Senator Bill Hagerty’s recent speech was a call to weaponize stablecoins for U.S. economic dominance.
It doesn’t just sound dramatic, it is. Replay his words, and the logic becomes clear: the Genius Act is not about innovation for innovation’s sake (well well well). It’s about giving the U.S. a lever to modernize its payments infrastructure, soak up global demand for Treasuries, and entrench dollar supremacy in a world that’s drifting towards fragmentation.
Quote by quote…..
“This will ensure U.S. dollar dominance. It will advance our position as the reserve currency in the world rather than see the retreat and decline that we might otherwise experience.”
It’s not about Circle, Coinbase, or even crypto as we’ve come to know it. He is talking about architecture and about rebuilding U.S. financial plumbing with instruments that can travel the internet at the speed of content, while still flying the U.S. flag.
“Today it’s an unregulated market… What we’ll do is make certain that everyone knows that stablecoins are backed by U.S. dollars and that those dollars are backed up by cash and short-term U.S. treasuries.”
This is the crux of it: stablecoins, if compliant, become extensions of the Treasury market. Not competitors to banks. Not challengers to the Fed. But demand engines for short-dated debt, giving the U.S. a new distribution channel for dollar-denominated instruments.
Hagerty even points out that by the end of this decade, U.S.-based stablecoin issuers could be the largest holders of Treasuries in the world. That’s a very sober projection based on the compounding demand for programmable dollars.
So What Does This Mean for Tether?
Well, that depends on what kind of role you believe Tether wants to play.
If Tether wants to participate in the U.S. regulated market, then a new entity (USDT2 or some variant) will likely need to emerge. Fully backed by regulated banks, audited reserves, and subject to oversight. In that scenario, Tether becomes indispensable infrastructure.
But there’s also a parallel world. One where Tether continues to dominate outside the U.S. precisely because it is not entangled in U.S. compliance frameworks. A dollar proxy with looser rules, but deeper reach. For millions of users across Asia, Africa, and LATAM, that’s not a bug. It is the feature.
Hagerty, Lummis, and others are setting the stage for a multi-tiered system:
Compliant, onshore stablecoins that serve Wall Street and state-sanctioned retail access
Unregulated, offshore stablecoins that do the same thing U.S. dollars always did; circulate as hard money in unstable economies
Tether currently operates as an offshore issuer, dominating global markets with liquidity, speed, and ubiquity. Its reserves already include a massive amount of U.S. Treasuries over $115 billion. But despite that alignment with the dollar, it’s still not U.S.-based, not U.S.-regulated, and not part of the Washington-centric compliance apparatus that GENIUS seems to favor.

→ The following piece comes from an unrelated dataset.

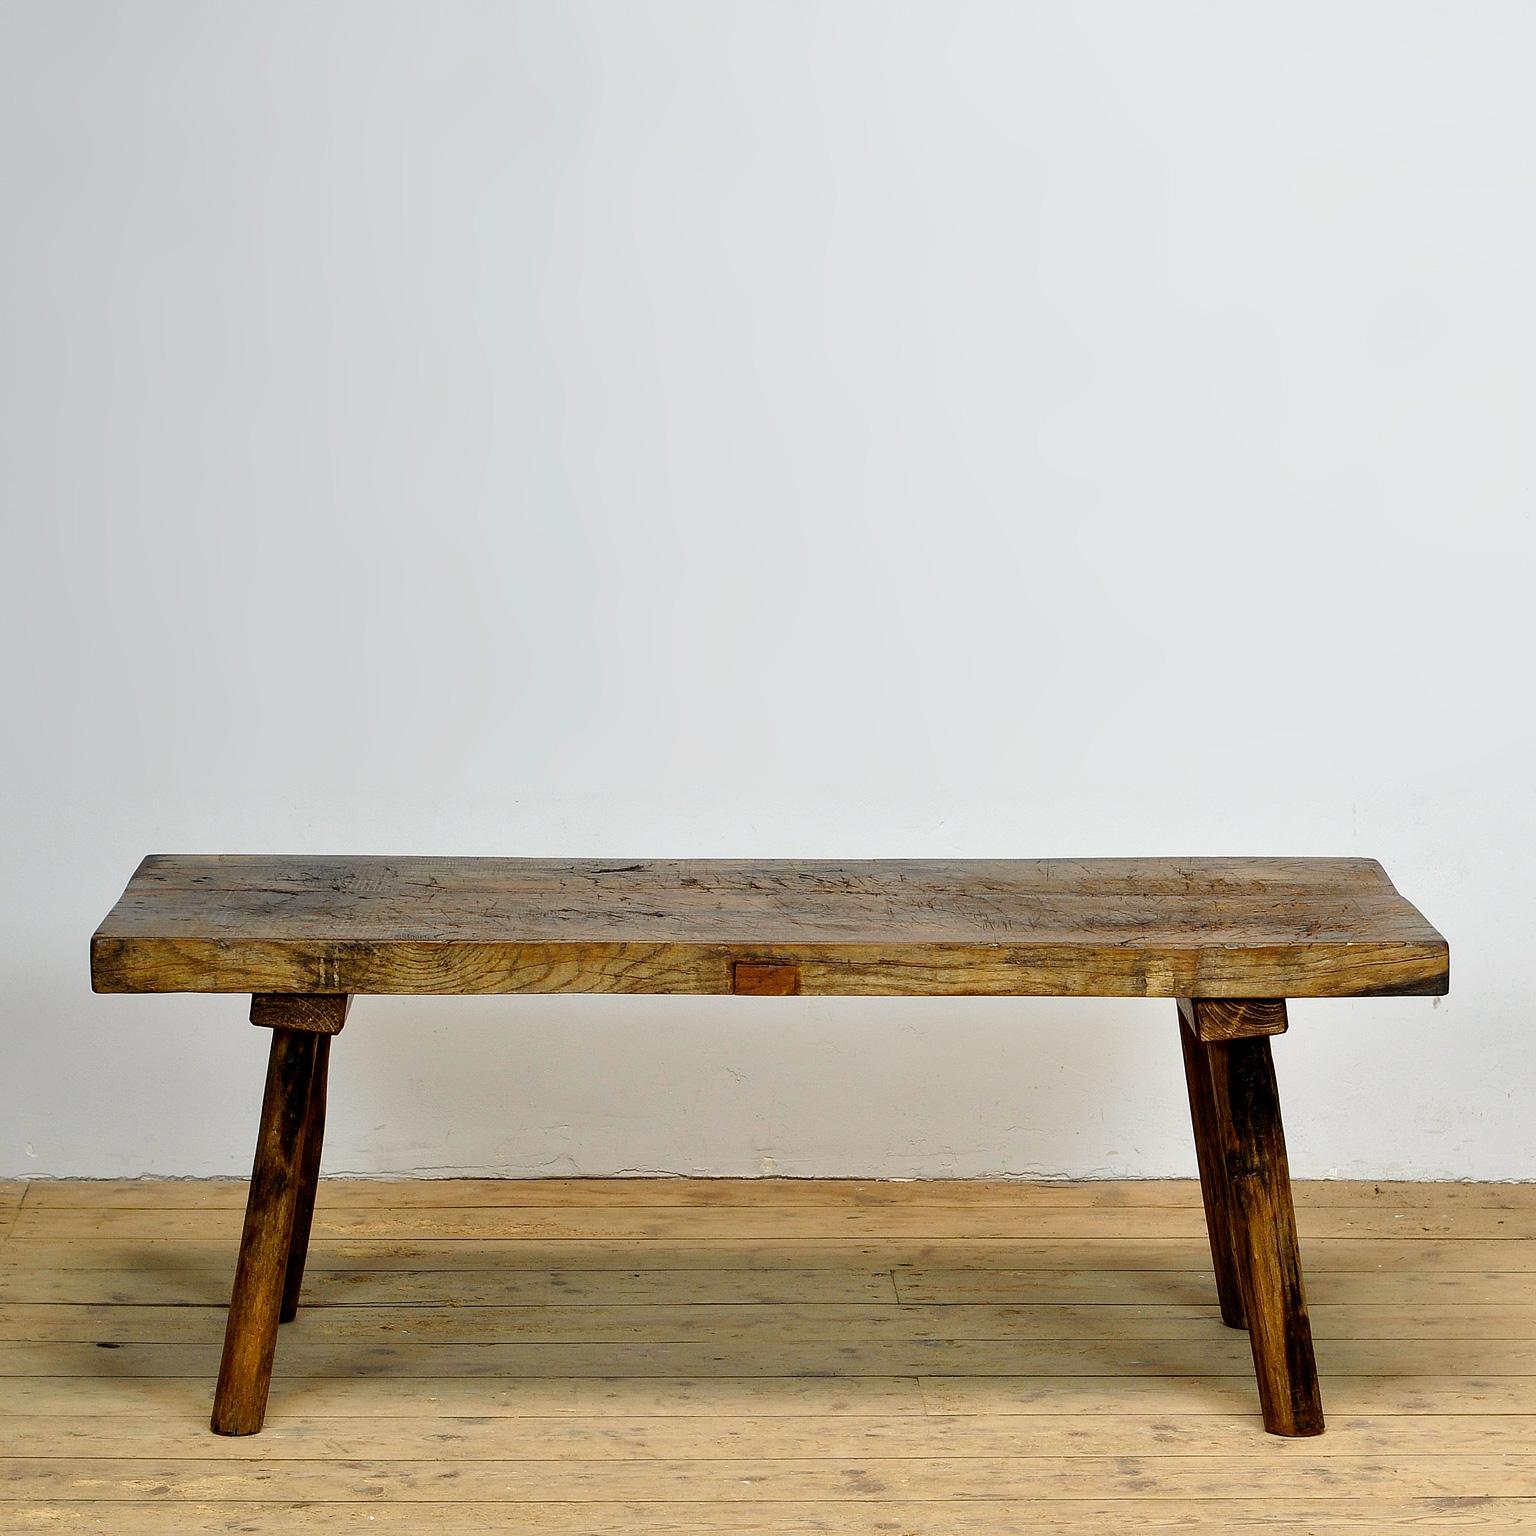 This oak butcher's farm table was produced in hungary around the 1930s. With an oak top of 5 cm thick. The legs are shortened to the ideal height for a coffee table or bench. Treated for woodworm. 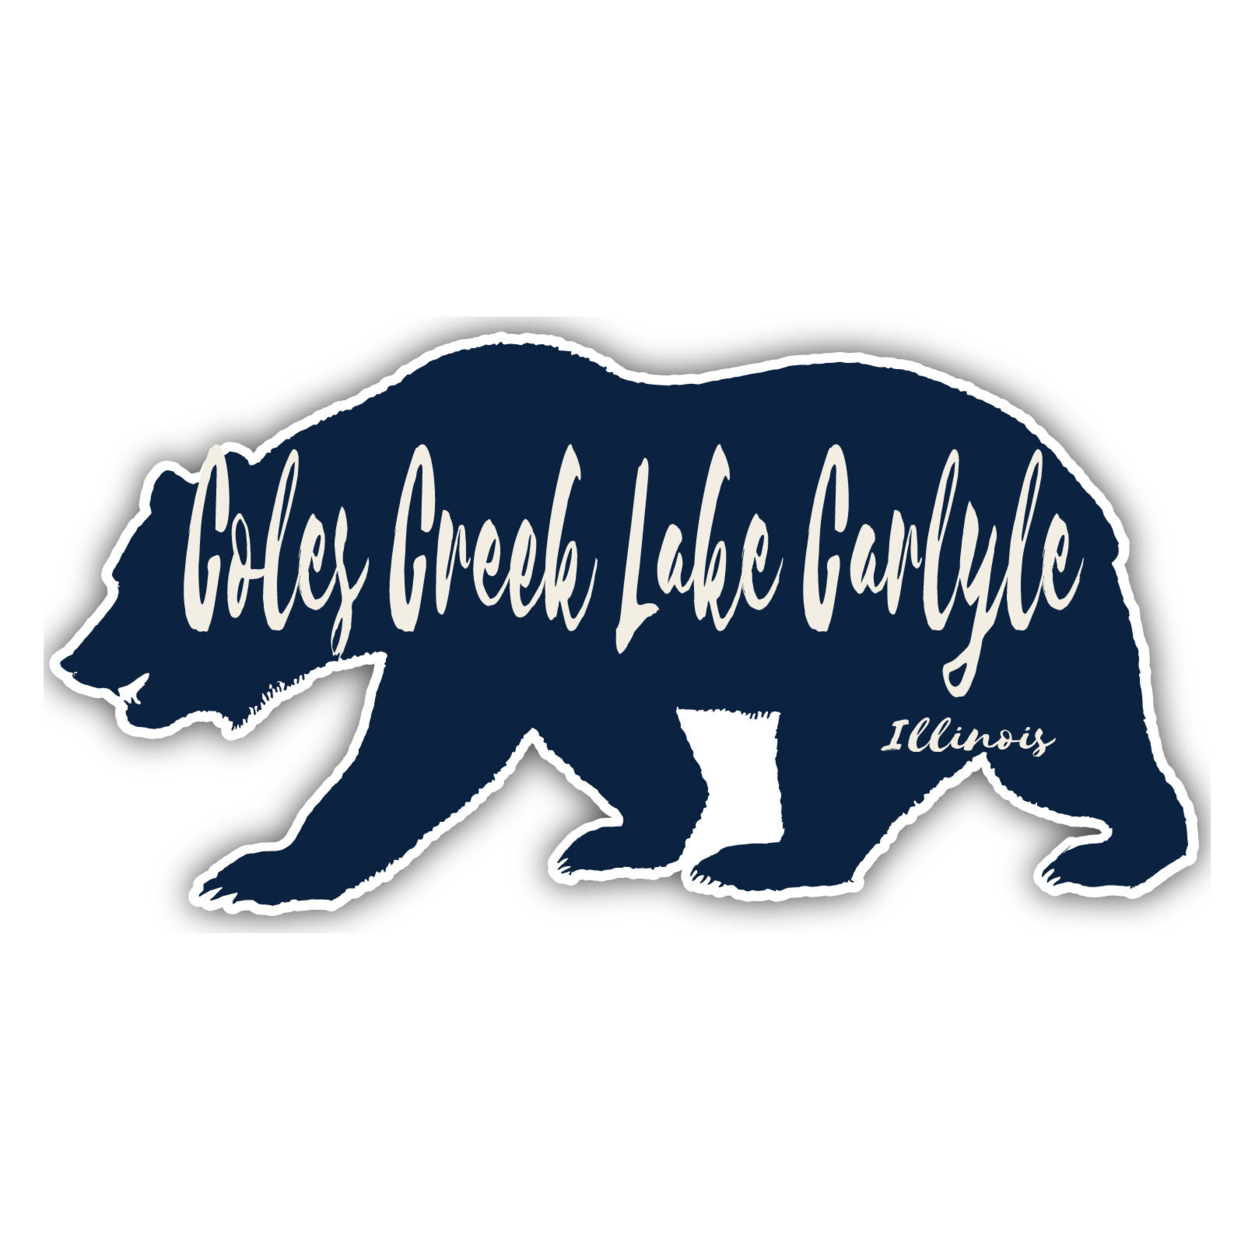 Coles Creek Lake Carlyle Illinois Souvenir Decorative Stickers (Choose Theme And Size) - 4-Pack, 8-Inch, Bear

And here’s the most revealing line:
“I’d far prefer a benign stablecoin issuer to the CCP or other sovereign nations.”
Hagerty is saying the quiet part out very loud: stablecoins are now a geopolitical lever. One that can be used to counter China’s digital yuan, displace euro-denominated trade zones, and fill vacuum markets with digital dollars that always settle.
Whether you like stablecoins (and their ever-so-eager regulators) or not, this is the game. And if the Genius Act passes, it will make that game official U.S. policy.
Who gets the early mover advantage?
Will Circle’s IPO become a moat or a liability?
Can the onshore model offer yield without getting torpedoed by securities law?
Will Tether split itself to serve both sides of the regulatory membrane?
In a world where every layer of finance is being redrawn, it’s not enough to be dominant. You have to be adaptable. Tether has survived and thrived through every regulatory wave so far. This next one could define how much of the future it gets to write.